The civil society movement, as represented by Hazare and Kejriwal, is the reiteration of a fundamental fact of the Indian democratic system – no matter who constitutes the government with a majority in the Lok or Vidhan Sabhas, it is still without a majority of votes. The majority, by and large, will have given first preference to other parties. So, even if the less than fifty percent votes translate into a majority of seats in the House, the actually minority status should never be forgotten. It is when governments begin to think they actually have majority support, they make fundamental mistakes of judgment.
This arrogance was reflected during the Lokpal Bill debate in the Lok Sabha on Wednesday, when quintessential politicians of this kind – Mulayam Singh and Sharad Yadav – went on and on about the ‘exalted’ status of the public representative and the ‘supremacy’ of Parliament. Indeed, what Mulayam found most galling was the fact that under the law, a lowly ‘daroga’ would be entitled to investigate high functionaries like him. That someone who has claimed all his life to represent ‘socialist’ thought and, more recently, the voice of the ‘other backward classes’, should lay claim to be ‘different’ to the ‘ordinary’ citizen is illustrative of the politicians’ mindset. The civil society movement has dealt a blow to this illusion and, if Mulayam is right, the enactment of the Lokpal Bill, has further institutionalised the constitutional principle of equality of all under the law.

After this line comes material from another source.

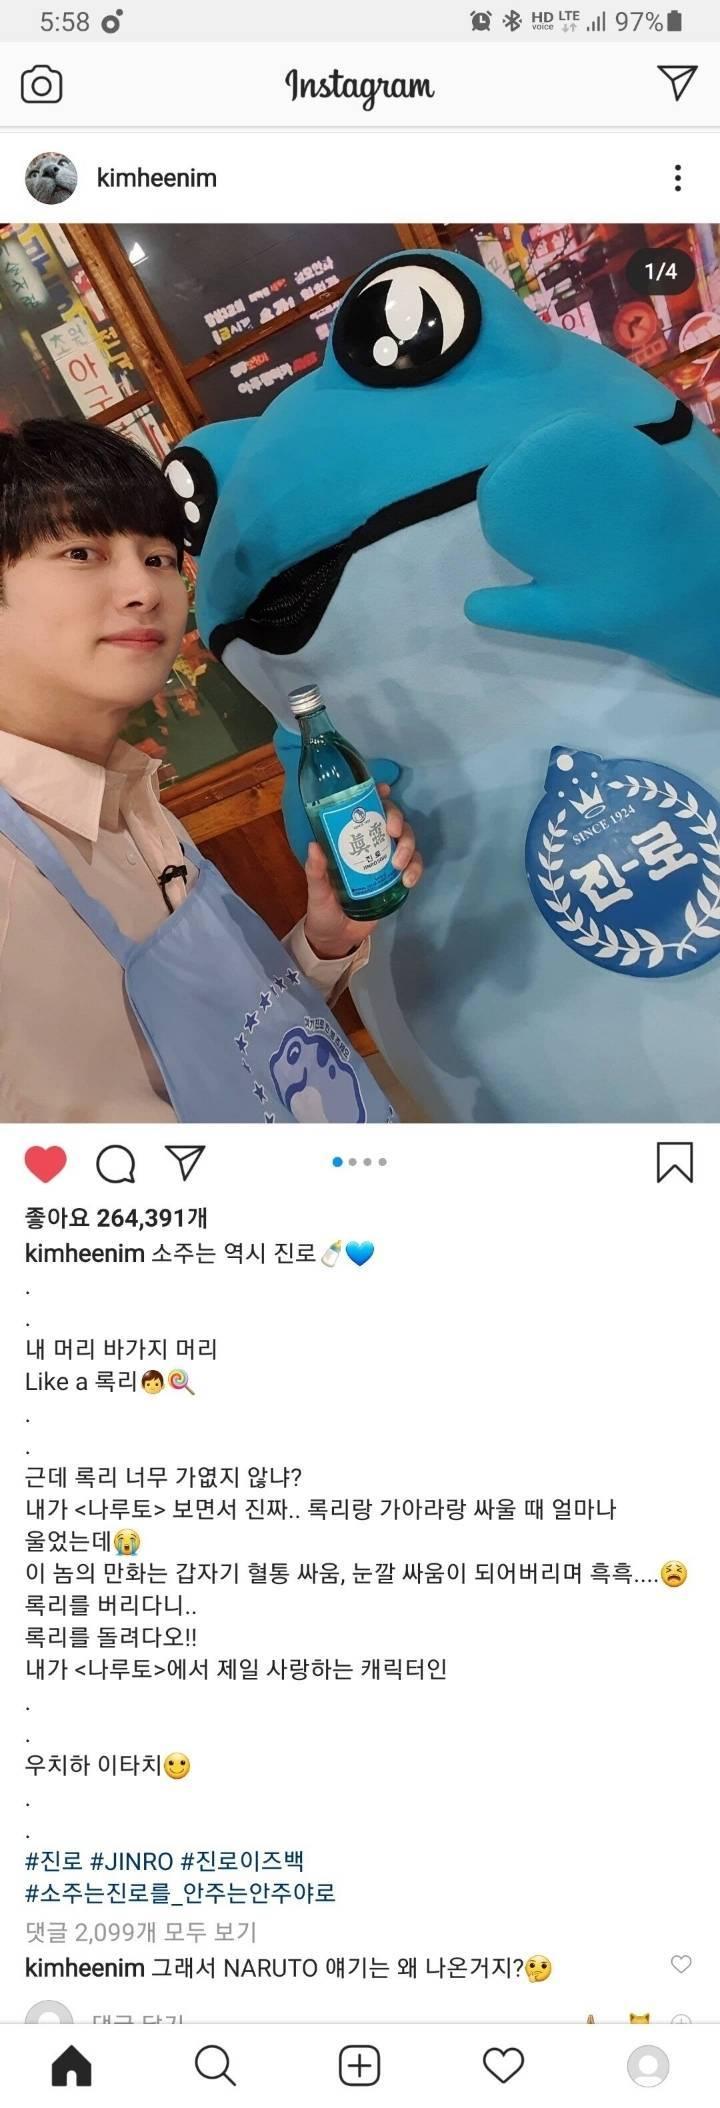 김희철 근황ㅋㅋㅋㅋㅋㅋ | 인스티즈

Even as politicians jostled to take credit for the bill’s passage, the AAP politicians remained in splendid isolation. People must take note of this mobilisation by mainstream politicians, united in the bid to preserve their turf. It is the AAP phenomenon that provides them the clout that has given them their new found importance. Kejriwal may eventually go the way of the rest of them, but the power always belongs to the people.